El estudiantado de la UNLu comenzó la toma del hall central y el pabellón de las aulas 100 y 500. Mientras desde el rectorado esquivan responsabilizar al gobierno nacional del ajuste, las y los estudiantes protagonizan el rechazo al recorte presupuestario de la educación pública.

Debido a la crisis educativa que atraviesa nuestro país en todos sus niveles, los estudiantes universitarios realizaron una asamblea de estudiantes el martes 4 de septiembre en donde decidieron realizar una toma parcial de la sede Central de la Universidad. Puntualmente el pabellón de las aulas 100, 500, Hall Central, rectorado y Consejo Superior, que durará 48 horas, concluyendo con un corte de ruta el día viernes.

La toma comenzó el miércoles a las 10 de la noche en donde asamblea, los estudiantes llevaron a cabo un análisis y debate coyuntural del conflicto universitario a nivel nacional, haciendo hincapié en cómo afecta dicha situación a la UNLu. Los estudiantes analizaron que  «este ajuste responde a una serie de políticas implementadas por el gobierno nacional, provincial y municipal acorde a los lineamientos económicos exigidos por el Fondo Monetario Internacional y el poder financiero».

Asimismo, cargaron contra el rectorado de la universidad, sosteniendo que «en un contexto de tarifazos, despidos masivos, represión, paritarias a la baja, pérdida de poder adquisitivo de los salarios, se suma a toda la comunidad universitaria de la Universidad Nacional de Luján un ajuste por parte del rectorado de Lapolla – Gei y sus cómplices dentro del Consejo Superior, quienes privatizaron el comedor universitario desoyendo el reclamo histórico del movimiento estudiantil como así también mantienen el centro de copiado en manos de empresas privadas, sumado a un recorte sistemático de becas estudiantiles, materializando la expulsión de aquellos estudiantes que no pueden sostener su permanencia y egreso dentro de la universidad».

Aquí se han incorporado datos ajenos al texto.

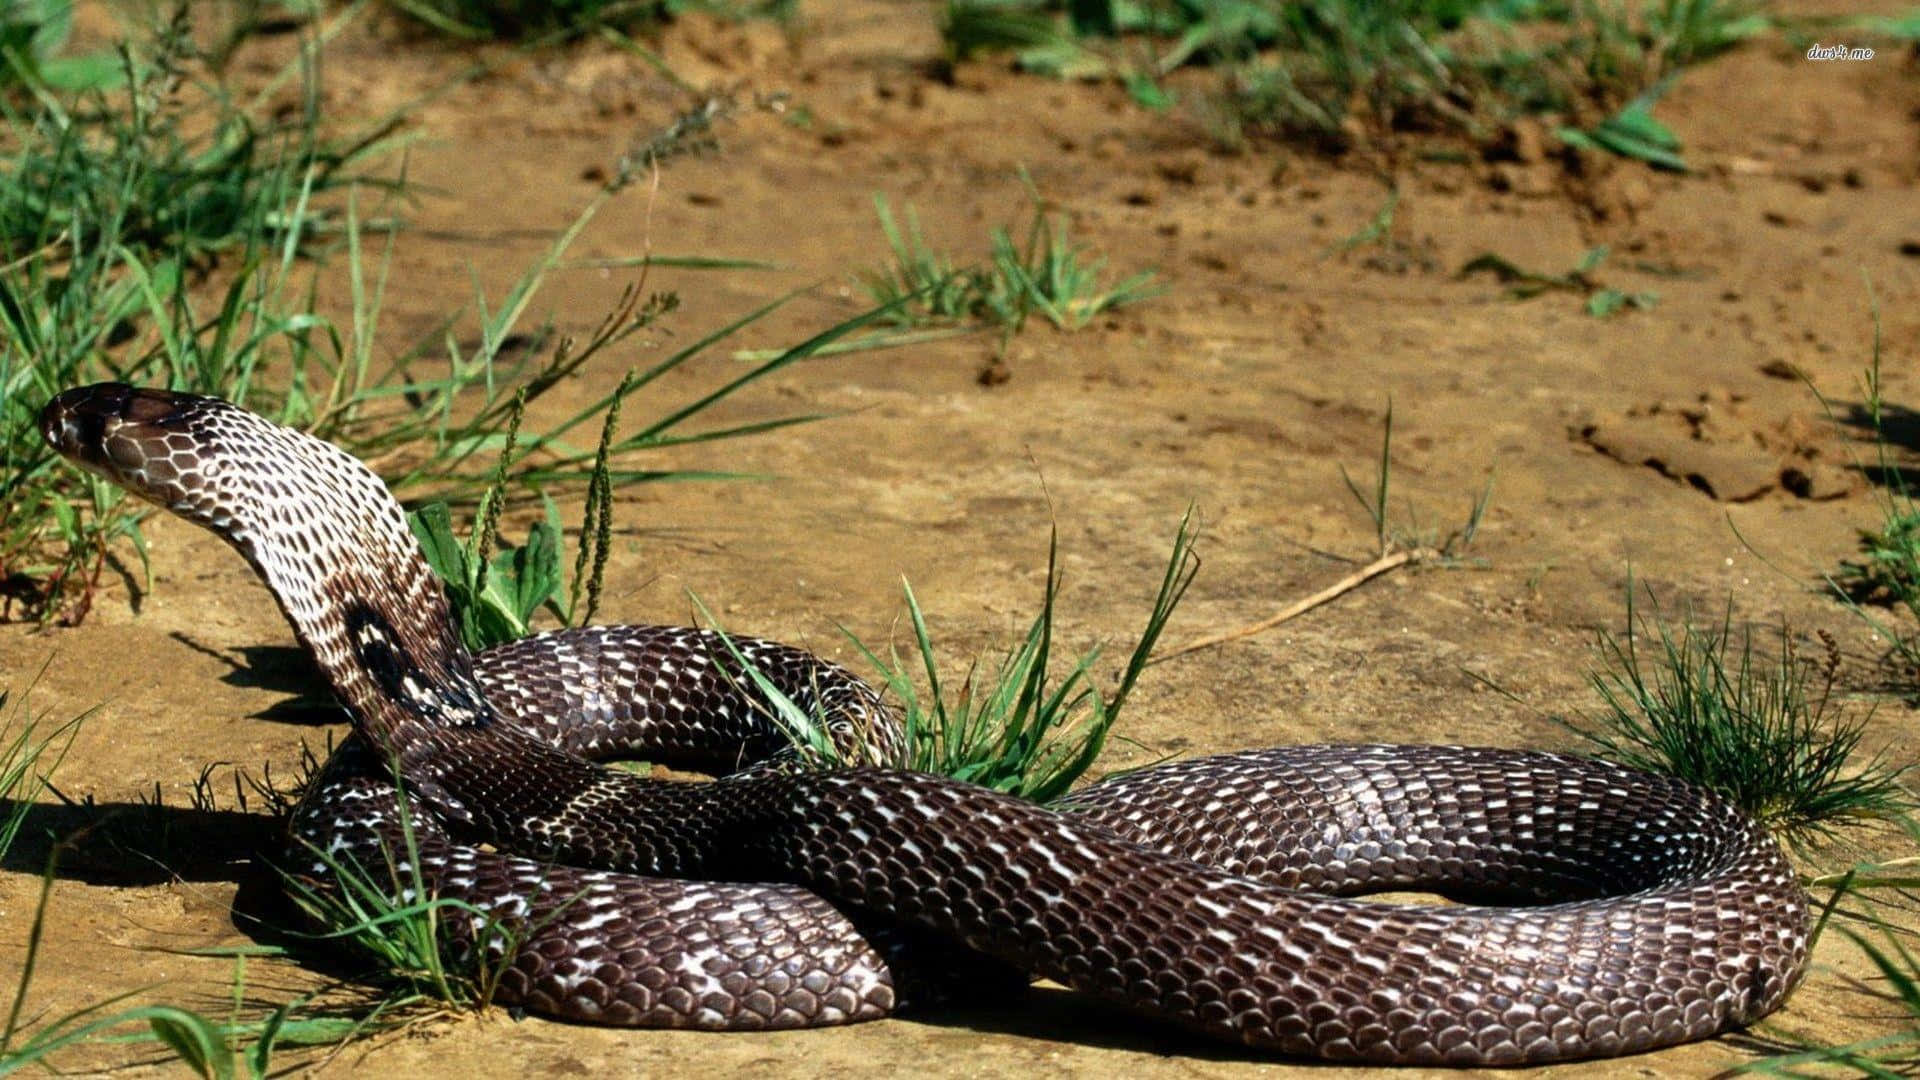 A Black And White Snake Laying On The Ground

Por su parte, y en contramano de lo que sostienen estudiantes y docentes universitarios, el rector de la UNLu, Lapolla explicó en una entrevista a El Civismo que «no hubo un desfinanciamiento de la educación universitaria pública por parte del gobierno nacional. Pero a nosotros lo que nos preocupa fundamentalmente es lo que pueda pasar en 2019».

Llamativamente, Antonio Lapolla no analizó un desfinanciamiento en la política educativa: «No podría hablar de una política de ajuste. En realidad si nosotros analizamos estos últimos ejercicios presupuestarios no aparece eso».

Al tiempo que en referencia de las limitaciones debido a la falta de presupuesto, Lapolla minimizó el impacto sosteniendo  que únicamente debieron recortar «algunas compras que no considerábamos fundamentales y podíamos diferir para más adelante, algunos viajes que no son esenciales para el normal desarrollo de las carreras».

La asamblea que se realizó en la noche del miércoles, los estudiantes rechazaron la implementación de la denominada autoevaluación, que la gestión Lapolla – Gei lleva adelante acorde a los lineamientos de la Ley de Educación Superior y la CONEAU. Además de repudiar el ingreso de la UNLu al llamado Sistema de Reconocimiento académico, que busca equiparar las universidades públicas con las privadas y los terciarios.

Por último, se convocó al conjunto estudiantil, docentes de todos los niveles y trabajadores en general a construir conjuntamente medidas de lucha, a fortalecer la la toma, a acercar iniciativas y propuestas a las ya establecidas desde este espacio como clases públicas, charlas debate, volanteadas, intervenciones culturales, radio abierta, proyecciones, entre otras.